58

LEONE

Gianni y yo éramos buenos amigos. Nos complementábamos a la perfección a la hora de realizar operaciones y siempre pretendíamos ayudarnos mutuamente. Pero en este caso Gianni se había vuelto completamente loco. Me encontraba sentado en la silla de mi despacho, con las manos formadas en puños y mis codos sobre la mesa. Gianni explicaba su plan frente a mí, con exactitud. Me gustaba. Era bueno.

—Es perfecto. —Dijo mi amigo, cruzando sus brazos sobre su pecho y dirigiéndome una sonrisa divertida. Sonreí de la misma forma.

—Lo es. Me gusta. Pero... me gustaría saber quién es ese infiltrado del que hablas.

—Debe ser de confianza. —Dijo. Negué con la cabeza—. Leone, esa persona va a tener que meterse en la boca del lobo.

—Lo sé, Gianni. Me ha quedado claro. Pero no puedo arriesgar a ninguno de mis hombres de confianza. Y sabes que no me fio de nadie.

—Yo no he dicho que tenga que ser un hombre.

Mi vista se quedó fija en el suelo. Intuía muy poco lo que mi amigo quería decir, hasta que di en el clavo en menos de dos minutos.

—Ni de coña. —Dije recostándome en la silla.

—¿Por qué? —Preguntó. Le miré con los ojos como platos mientras él avanzaba y se sentaba despreocupadamente en la silla de en frente—. Piénsalo. Ira de incógnito. Cambiaremos su físico y nadie se dará cuenta de que es ella.

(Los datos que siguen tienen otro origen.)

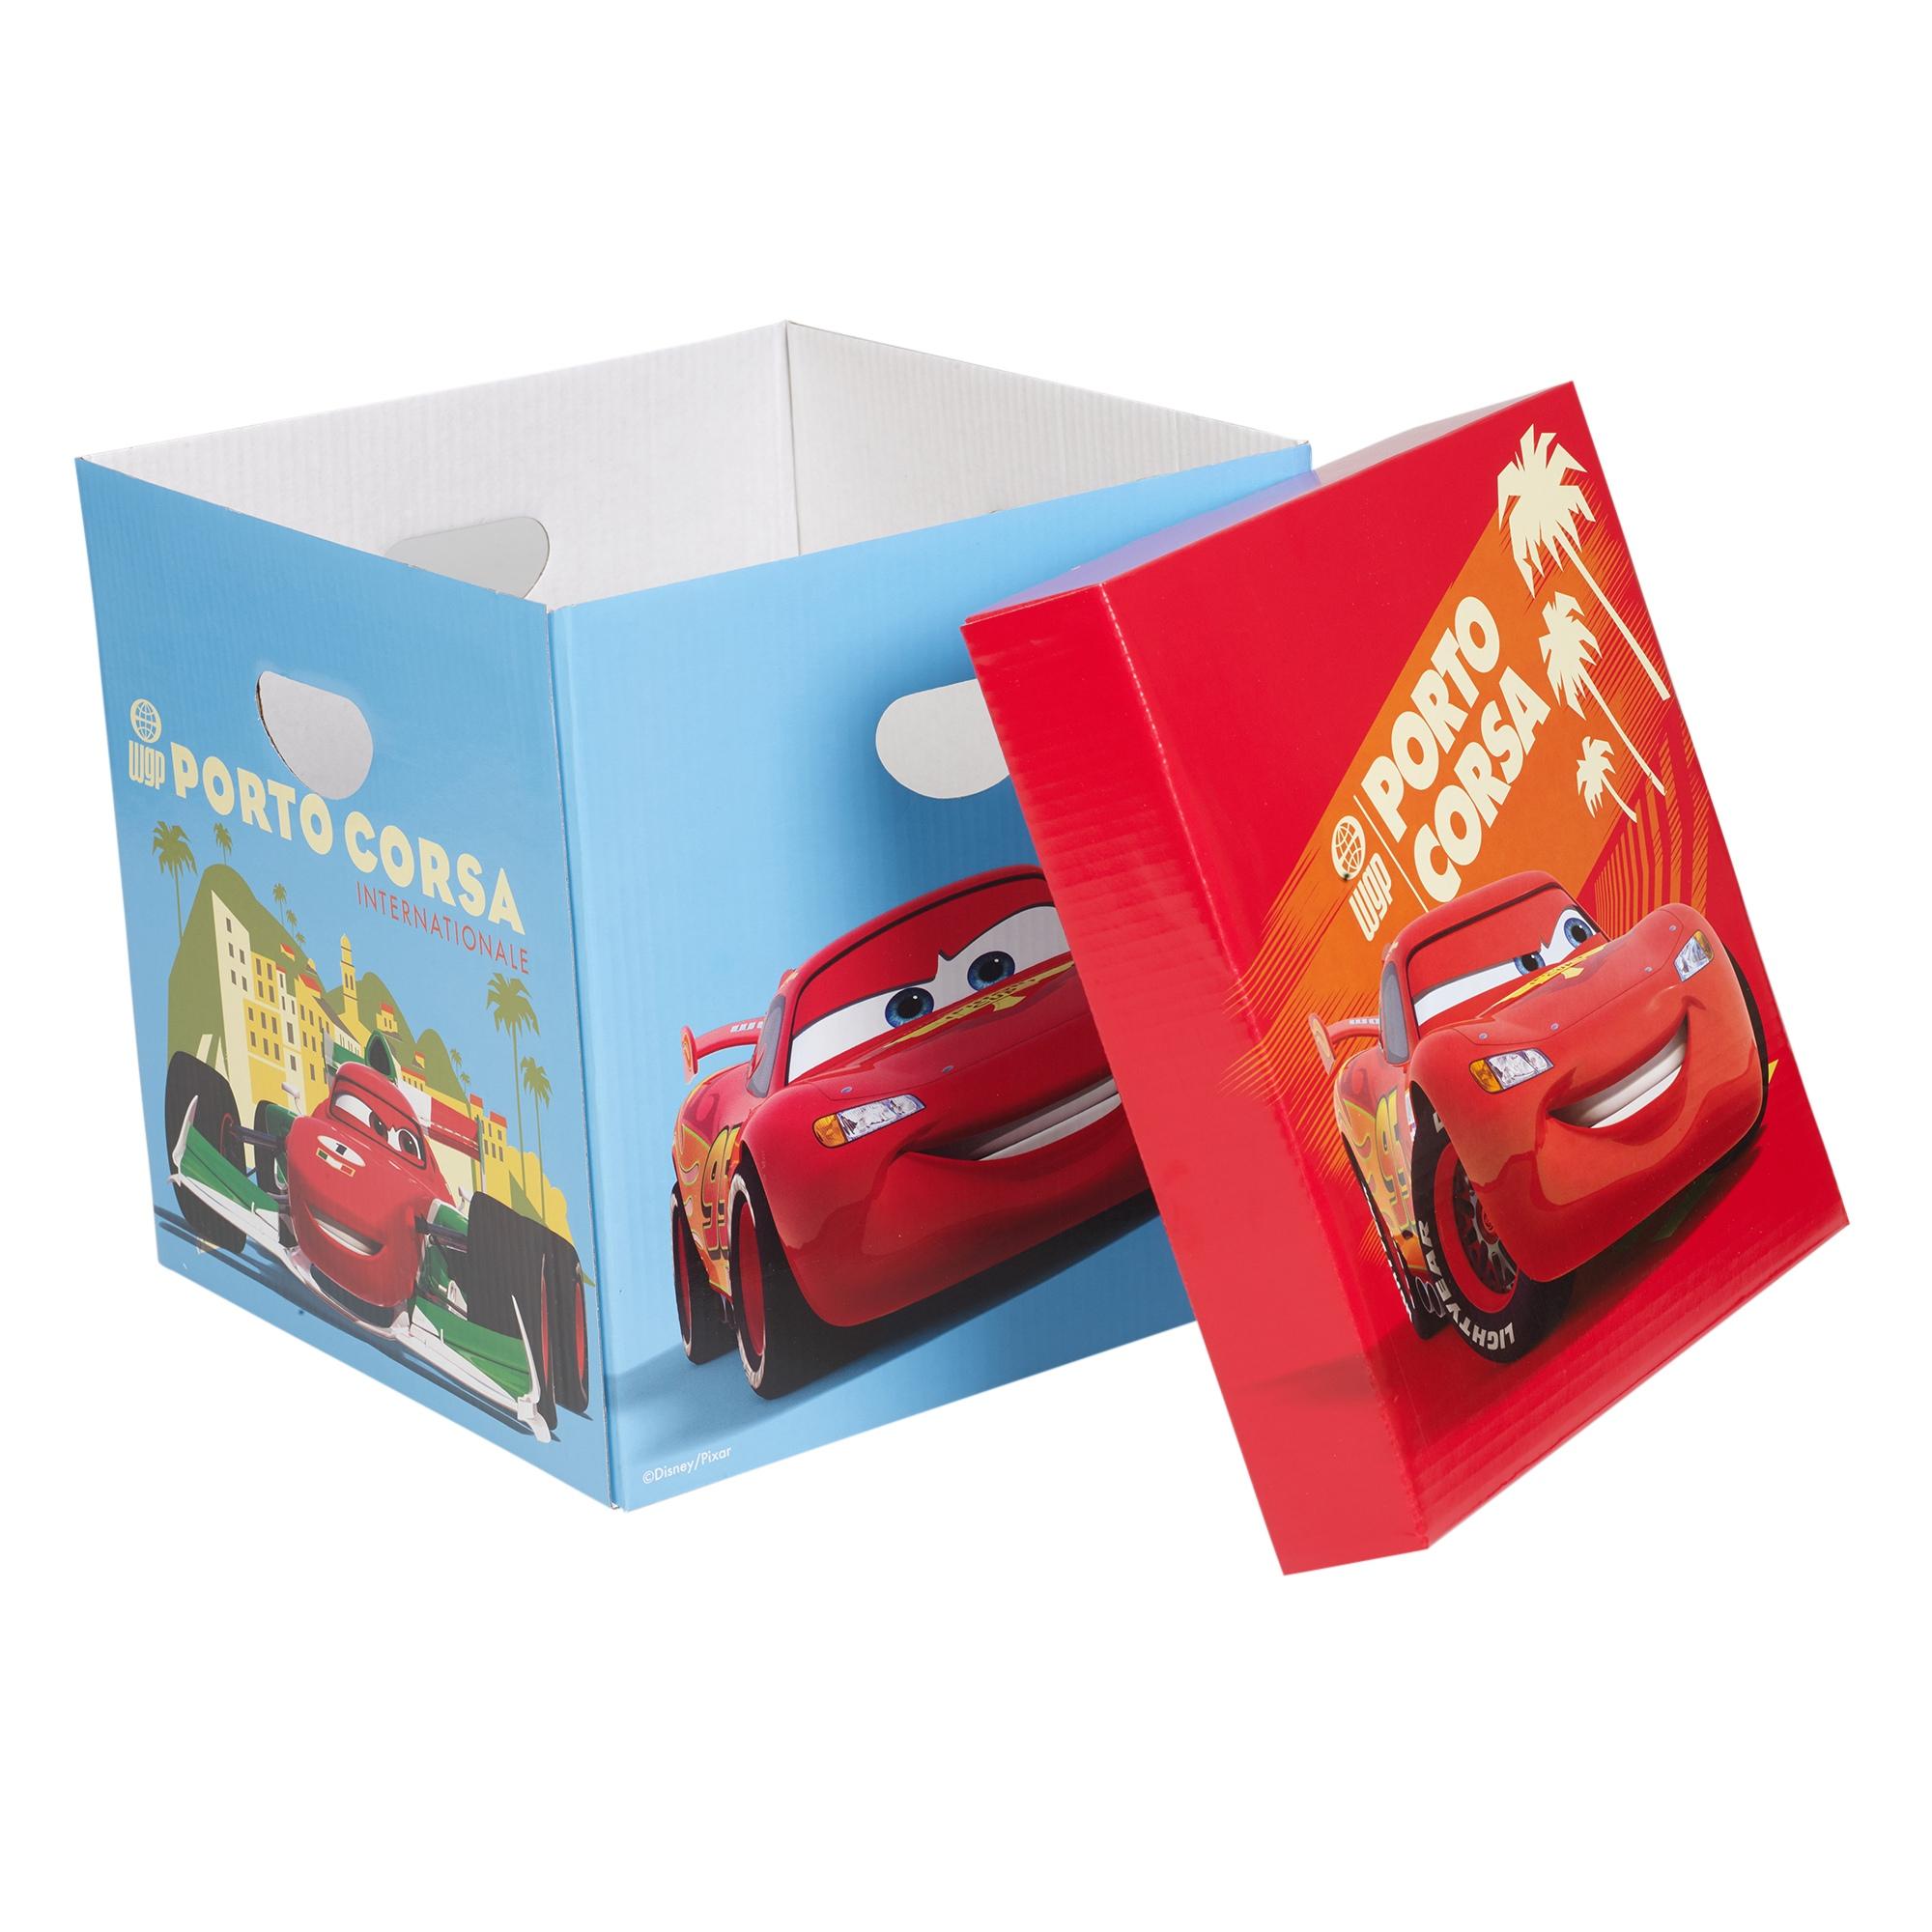 Set of 2 disney cars cardboard storage boxes with lids for Craft storage boxes with lids

—No, no y no. Emma no va a ir a la mansión Volkov. —Gianni echó la cabeza hacia atrás. —No me hagas esto, Gianni. Cualquiera menos ella. Además, la conocen. Volkov reconoce a cualquiera. No va a ir, con todos esos babosos apostando por llevarse la palma con una de esas chicas que subasta. Destacará como mujer entre todos ellos y la descubrirán.

—No, porque irá como una de las subastadas.

—¿¡Qué!? —Pregunté con un chillido—. ¿¡Pero tú te has vuelto loco!?

—Es brillante, Leone. No es loco.

—¡Está embarazada, joder! —Le grité a mi confidente mientras sacaba la pistola de mi pantalón.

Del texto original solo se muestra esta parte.